JavaScript OOP concept: what's the output?

Question

How is the output true and why is there a need to explicitly returning the object as the new keyword creates an object and returns it automatically?

var obj = {};    
function A() { return obj; }
function B() { return obj; }
console.log( new A() == new B() );

Answer 1

This code here is pretty convoluted for what's happening. It's not that complex it seems it's just throwing things together to be purposefully misleading. I suspect this is an interview question. I wouldn't class it as really good.

Let's break it down for ease:

Object equality

How is the output true

I'll remove the unneeded code to focus on the real thing. The code can be simplified to

var obj = {};    
console.log( obj == obj );

It should be obvious why that would be true - you're comparing the same thing to itself. The result true is expected regardless¹ of the value of obj.
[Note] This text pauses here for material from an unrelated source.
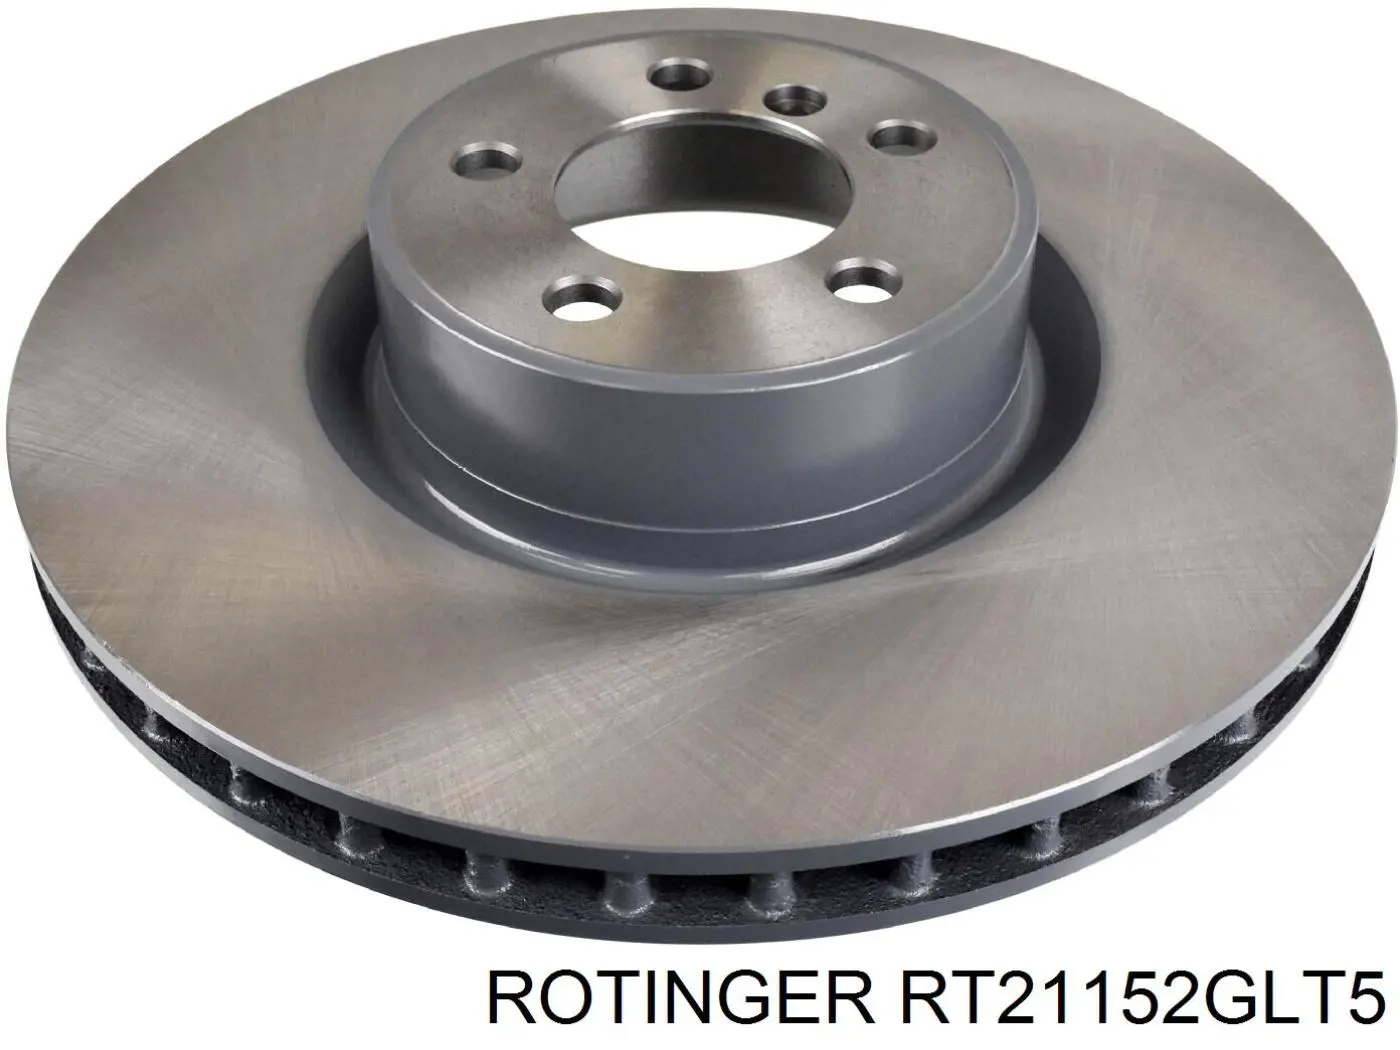 RT21152GLT5 Rotinger disco do freio dianteiro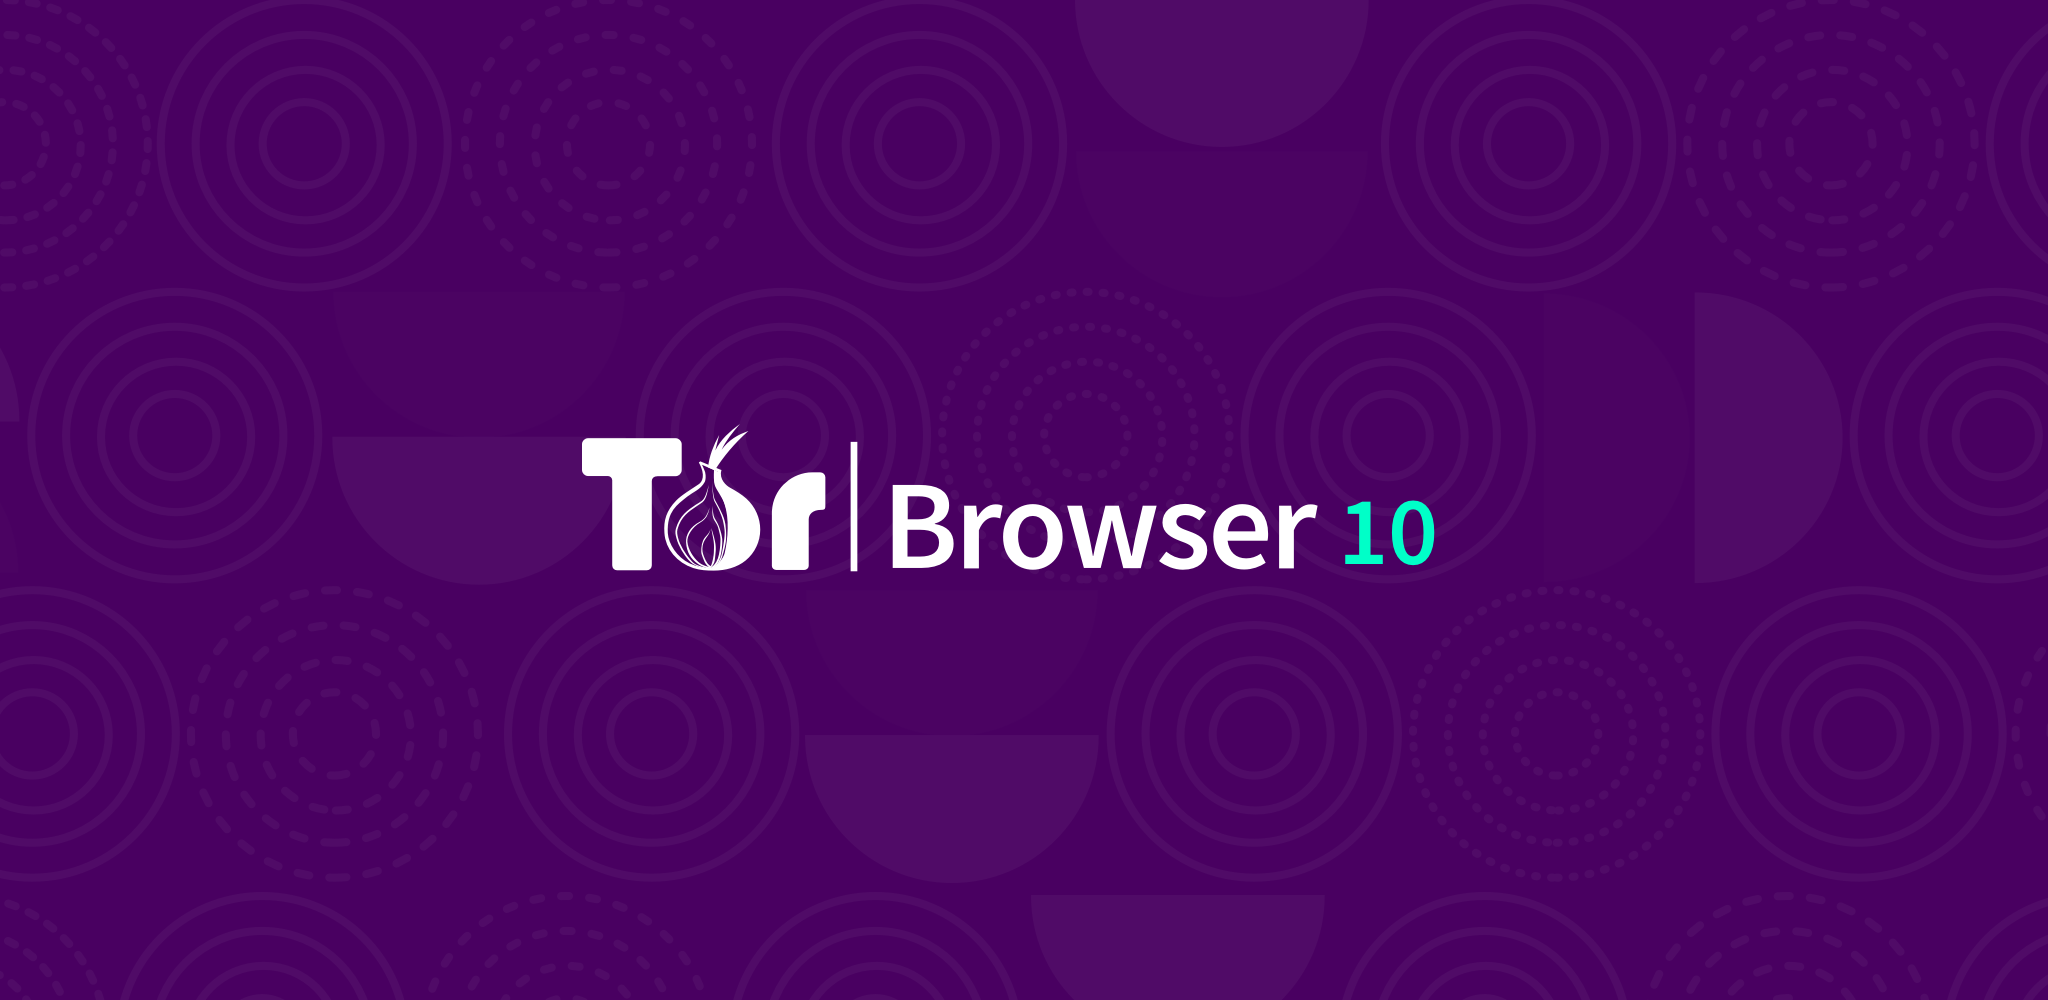 Tor browser 5 0 mega tor darknet мега

One additional thing we can mention here is that objects are only equal to themselves. That's distinct from other primitive types² where to values that are the same are also equal³. So two different objects will still be different even if they contain similar information:

console.log("foo" === "foo"); //true
console.log(42 === 42);       //true

console.log({foo: "bar"} === {foo: "bar"}); //false
console.log({} === {});                     //false

¹ There is one exception - the value NaN.

² Except Symbols which are primitives but by design each represents a unique value. It's usually not worth discussing them unless specifically focusing on Symbols, hence they are just a footnote here.

³ I can't seem to formulate an explanation so it doesn't sound like a tautology.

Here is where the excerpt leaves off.